Sposobny was one of the second series of her class of twenty Soviet Designation Project 61 Berkut A (NATO reporting name Kashin-class) destroyers. The vessels were initially designated as guard ships, but in 1966 were reclassified as Large Anti-Submarine Ships. All surviving ships, including Sposobny, were again reclassified as guard ships in January 1992. The class was built to replace the and , which had been rendered obsolete by the advent of guided missiles. It was designed to defend larger warships and transports against low-flying aircraft, cruise missiles, and submarines, though the anti-submarine role ultimately became secondary to its air defense mission. They were the first class of Soviet warships designed to survive a nuclear explosion, and as a result had the main ship control station on the lower deck deep in the hull, separate from the enclosed bridge.
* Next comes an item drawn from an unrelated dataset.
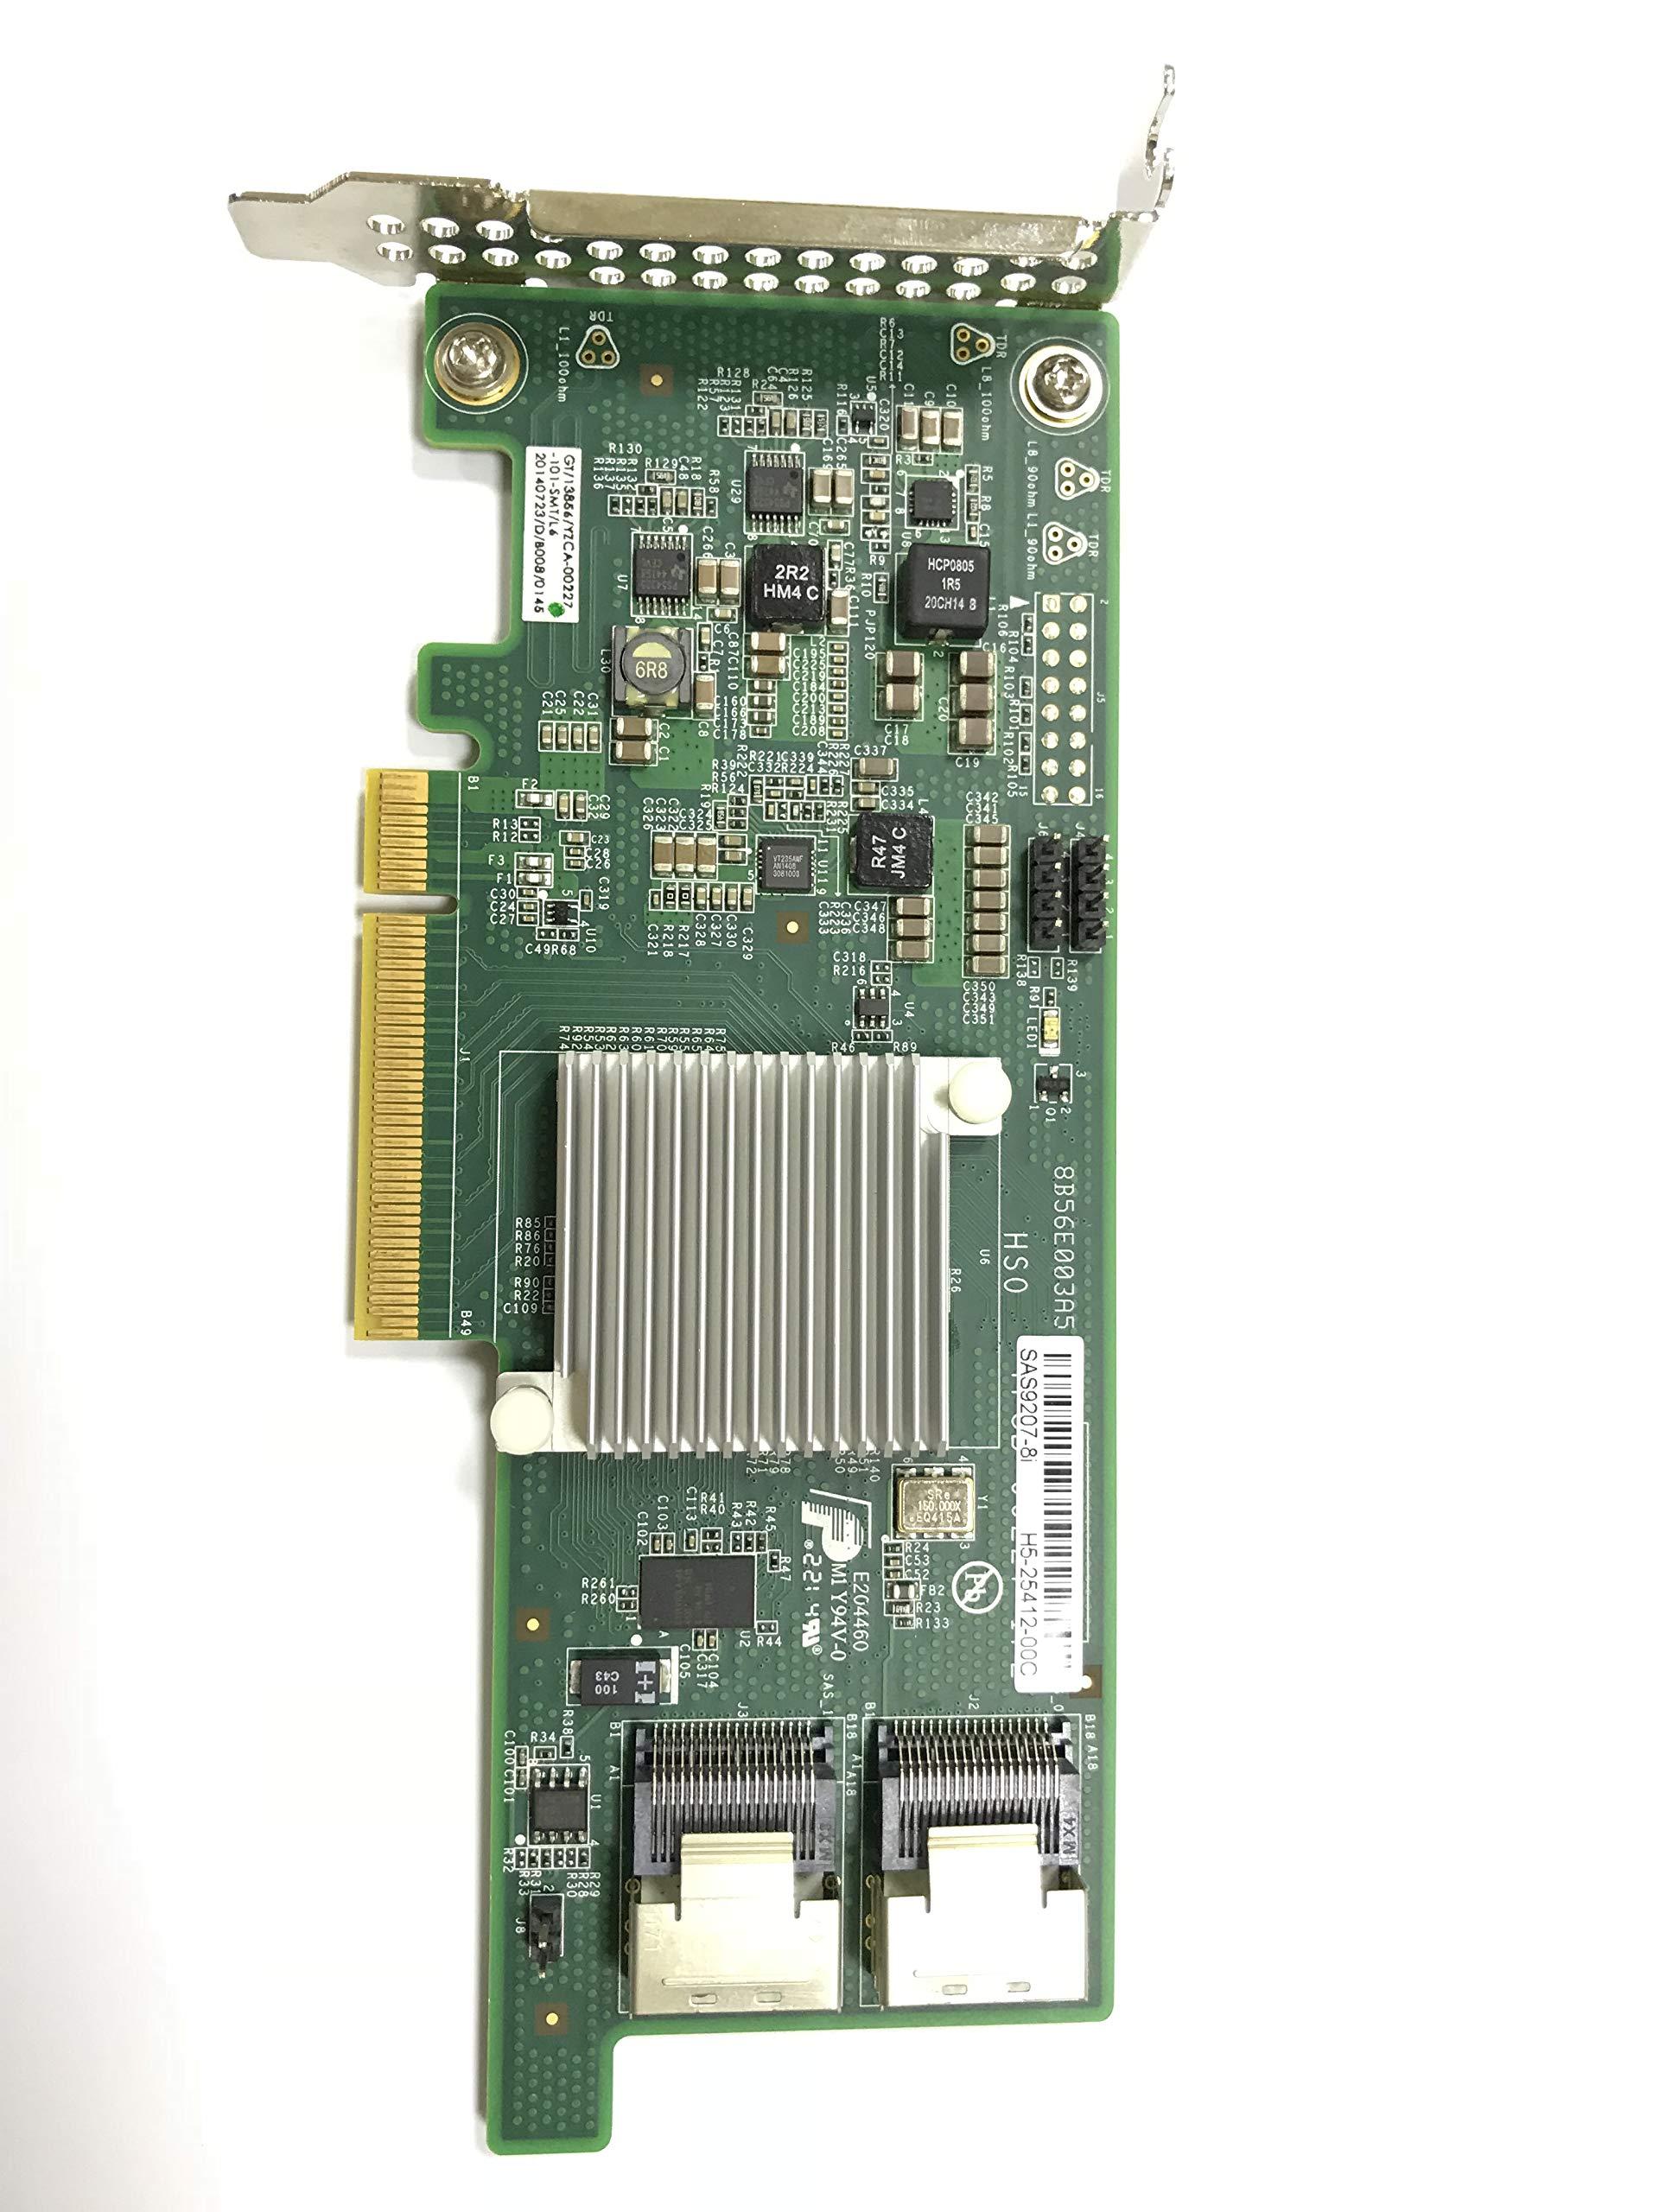 MFU SAS 9207-8i 8-Port 6Gb/s SAS+SATA to PCI Express 2.0 Host Bus Adapter by MFU

The Kashin-class destroyers were 144 m long with a beam of 15.8 m and a draught of 4.46 m. Sposobny displaced 3440 t standard and 4290 t full load, and had a complement of 266. The ship was equipped with a helicopter pad aft to carry a single Kamov Ka-25PL Hormone-A helicopter; the helicopter could only be temporarily aboard the ship due to the lack of a hangar.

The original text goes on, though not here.